The model is quantized to 3.58-bit using an adaptive mixed-precision strategy, preserving mathematical reasoning scores while reducing the model's RAM footprint to under 3.8 GB. This fits comfortably within the memory limits of modern flagship mobile chips.
Quantization relies on a mixed-precision framework where weights in critical attention projection matrices are maintained at 8-bit precision, while feed-forward network layers are compressed to 3-bit. This hybrid allocation ensures that the model preserves its logical reasoning capabilities (e.g. tracking variable bindings in code or processing mathematical proofs) while achieving a significant size reduction.
Furthermore, the NPU features a dedicated hardware cache that preserves the activation states of key system prompts. This means the model does not need to re-process system instructions on every turn, reducing energy consumption and maintaining responsiveness.
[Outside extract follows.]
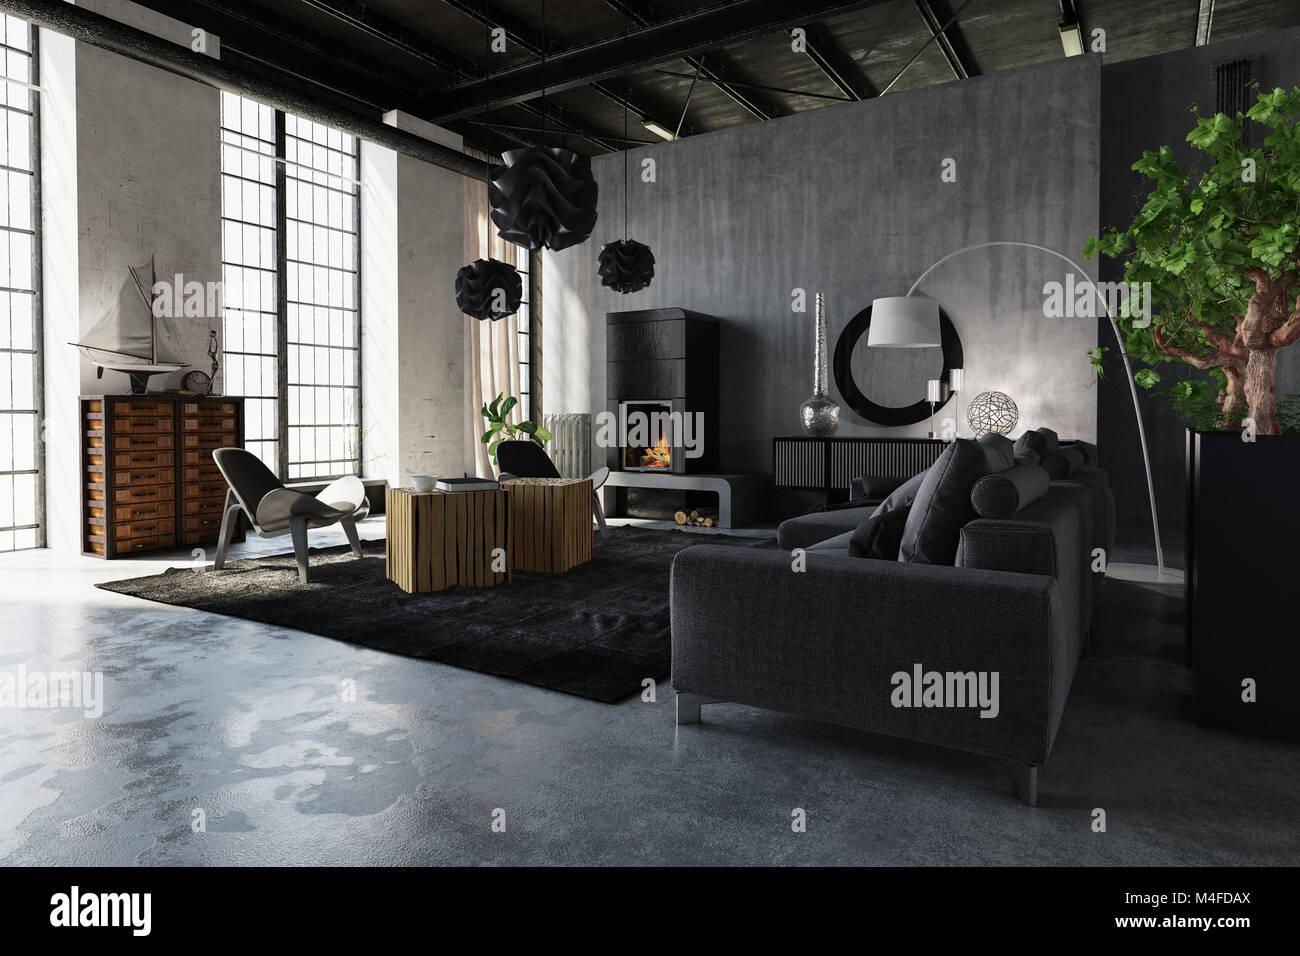 Il lusso moderno loft industriale la conversione con confortevoli

By running execution loops entirely within the local NPU, device battery overhead is reduced by up to 80% compared to running non-optimized Edge models.
Local IPC & System Sequence Flows
To execute a local agentic task, the Android system coordinates several hardware and software modules. The sequence begins when the user issues an agent command. The OS intercepts the prompt, routes it to the local model, executes the target app's registered tool, and returns the result to the user interface.
This workflow uses a structured execution flow:
- User Request: The user enters a voice or text command.
- Context Resolution: The System Agent Bus gathers local context (such as the active screen, location, and timezone).
- Model Inference: The prompt and context are routed to the NPU where Gemini 2.5 Ultra determines the execution plan.
- IPC Dispatch: The OS dispatches Binder calls to the registered app endpoints.
- App Execution: The target applications execute their business logic and return the result through the Binder channel.
- Final Synthesis: The NPU processes the returns and generates the final response for the user.
Let's look at the low-level transaction trace. When the NPU completes a reasoning step and decides to invoke an app tool, it issues an interrupt request (IRQ) to the CPU. The CPU handler routes this to the AgentBusManager service running inside the system server. The service validates the app's signatures, opens a Binder channel, and executes a synchronous transaction (transact(ILocalAgentBus.TRANSACTION_executeTool, ...)). The calling process remains blocked for microseconds while the target app executes its task in its own sandboxed process, returning results back through the same IPC pipeline.

Because this entire loop runs locally on-device, it avoids the latency spikes caused by mobile network handoffs and cloud server queues.
NPU Silicon Co-Processor Deep Dive
The processing power behind Gemini 2.5 Ultra is a new NPU co-processor designed for mobile system-on-chips (SoCs). This NPU architecture is optimized to support high-throughput, low-power transformer execution. It features a unified memory subsystem that shares address space directly with the CPU and GPU.
A key element of this silicon is the Private Compute Core (PCC) isolation. The PCC is a hardware-enclosed enclave that runs a dedicated microkernel, shielding the NPU’s memory space from standard system processes. Model weights and active context tokens are loaded into this isolated memory, preventing malicious apps from reading sensitive data.
At the silicon level, the NPU co-processor employs a matrix multiply engine (MME) that interfaces directly with a low-power DDR5 (LPDDR5X) memory controller. This controller supports dual-channel access, delivering up to 120 GB/s of bandwidth exclusively to the NPU cores when executing reasoning loops. The co-processor also features a dedicated L2 cache segment that acts as a local buffer for active KV-cache tokens, minimizing the need to read from system RAM and reducing battery drain during long conversations.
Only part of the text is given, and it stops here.